# URC/Reformed Bible Study @ USC



## dannyhyde (Sep 3, 2008)

Reformed Bible Study at USC « The Reformed Reader

Notice to all students at the University of Southern California (USC) who are interested in a Reformed Bible study:

A group of students will be getting together on campus to study the book of Romans from a confessional Reformed perspective. Please join us and invite your friends - pass this invitation along.

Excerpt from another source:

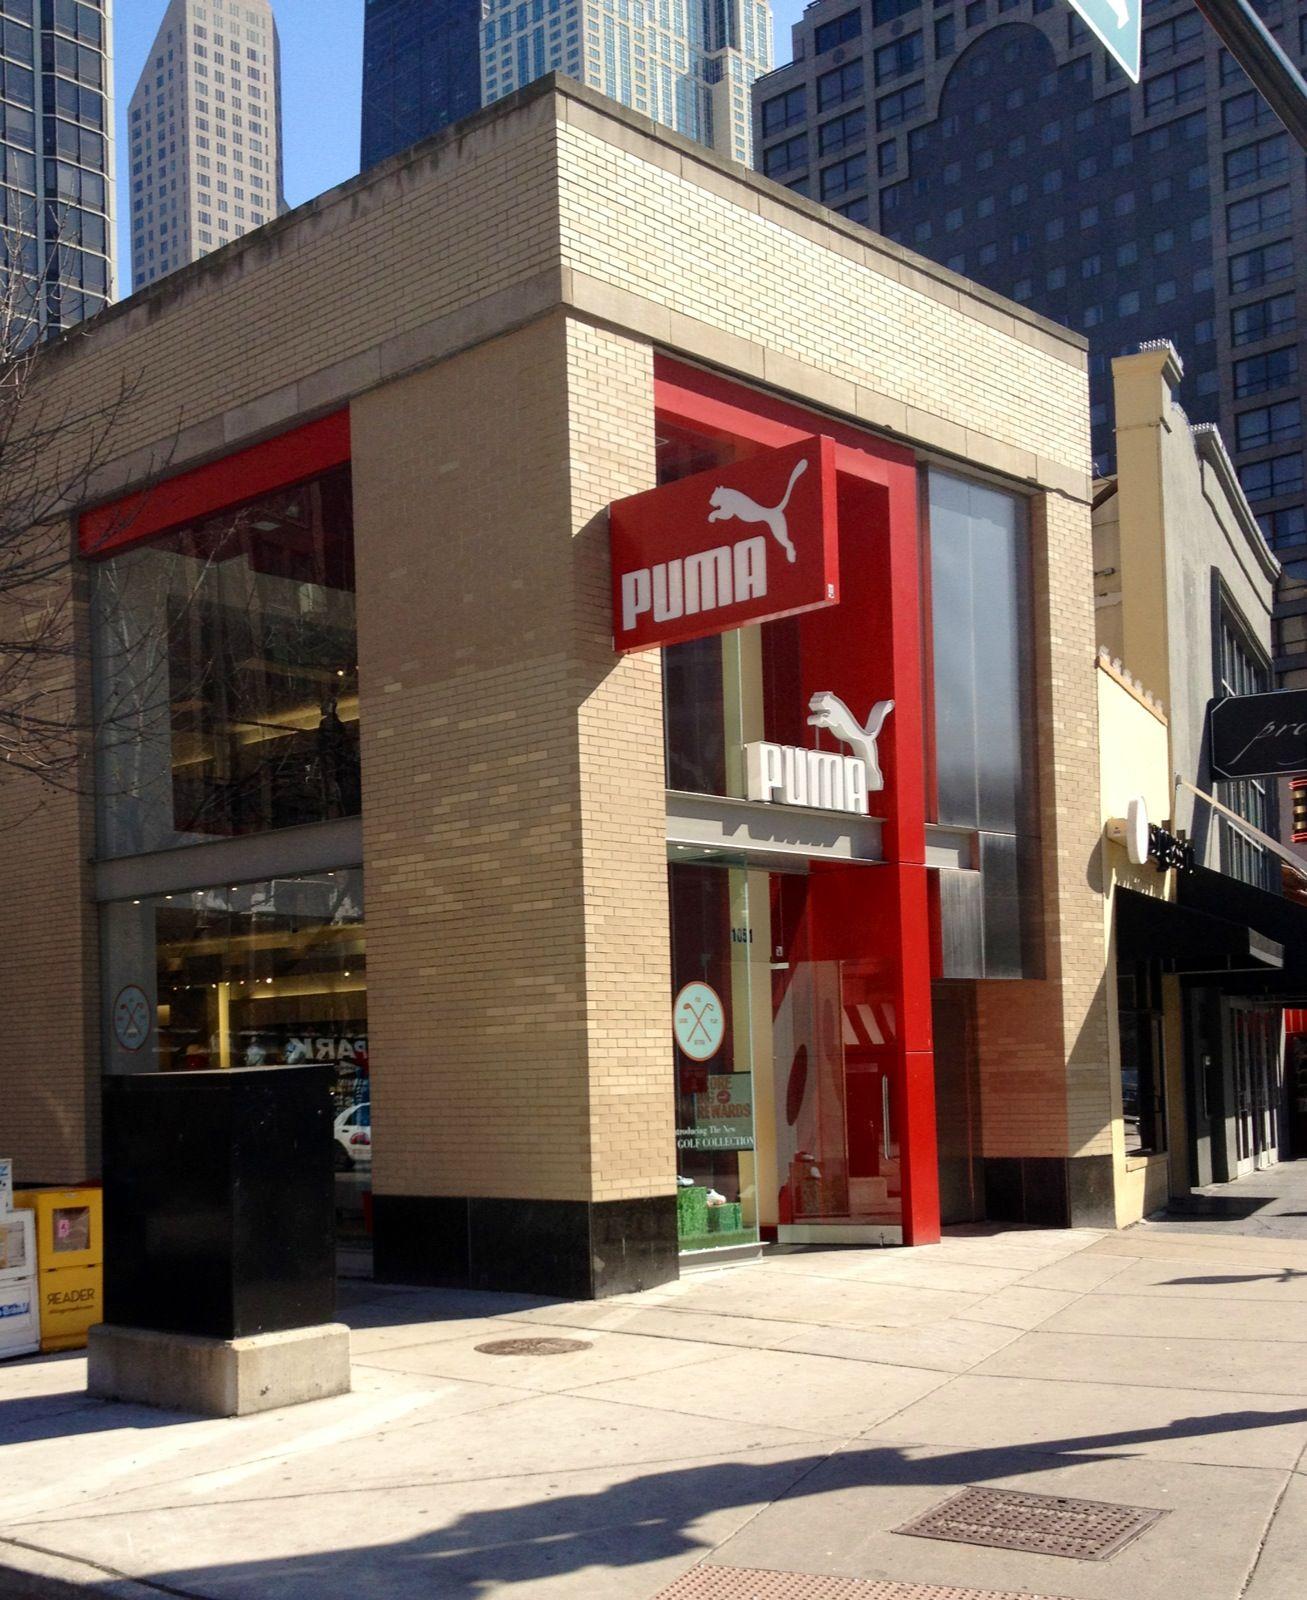 The PUMA Store on Rush Street, Chicago, IL #PUMA #retail #shopping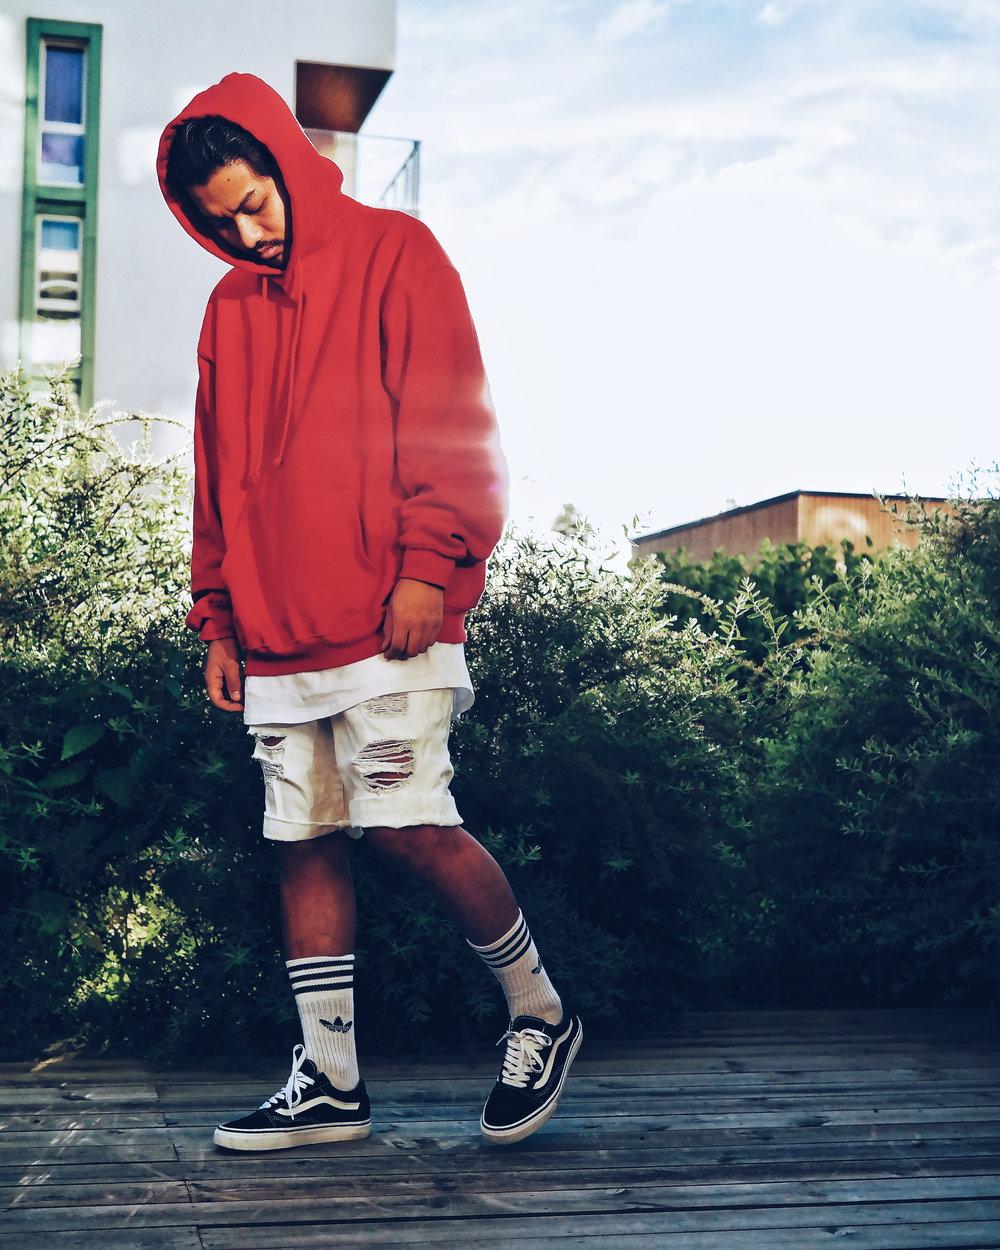 Men's Summer Streetwear,Men's Summer Street Style,Fashion From Norway,Thai Fashion Blogger,July Fashion,Summer Fashion Inspiration,Men's Street Outfits,European Street Style,Teddy Upacut 2

For questions, information, location, times, etc. contact:

_USC.Reformed.Christian AT gmail DOT com_

Join us as we study this book that not only lies behind the structure of our own Heidelberg Catechism (Guilt, Grace, Gratitude), but the book concerning which Calvin wrote: “When anyone gains a knowledge of this Epistle, he has an entrance opened to him to all the most hidden treasures of Scripture” (Commentary on Romans, pg. xxix).


----------



## N. Eshelman (Sep 3, 2008)

Danny, I read this as URC/Reformed Study Bible. I thought that this was the latest craze that was going to trump the ESV study bible. Guess I misread it!


----------



## SolaGratia (Sep 3, 2008)

Do you have to be a member of the URC to attend the bible study?


----------



## dannyhyde (Sep 3, 2008)

SolaGratia said:


> Do you have to be a member of the URC to attend the bible study?



No, it's just being hosted by Rev. Andrew Compton of Christ Reformed Church in Anaheim. He is a PhD student at UCLA but his wife is a PhD student at USC. You do have to get on campus, obviously to attend.


----------



## SolaGratia (Sep 3, 2008)

Good, I will spread the word!


----------



## N. Eshelman (Sep 3, 2008)

I passed this on to the LA Reformed Presbyterian church session as well. I am sure any help in LA for Reformation will be well received!


----------



## dannyhyde (Sep 3, 2008)

Just to clarify, here is part of an email from Rev. Compton:

_Just as a little more detail; it's really just a student club on campus. It just happens that one of the students goes to our church and has asked me to stop by and help out. This isn't a ministry of Christ Reformed though, so I've been leaving their name out of it. I've mentioned to my elders that I'm stopping by, but not in my office as a minister, just as a "guy" who has some friends on campus._


----------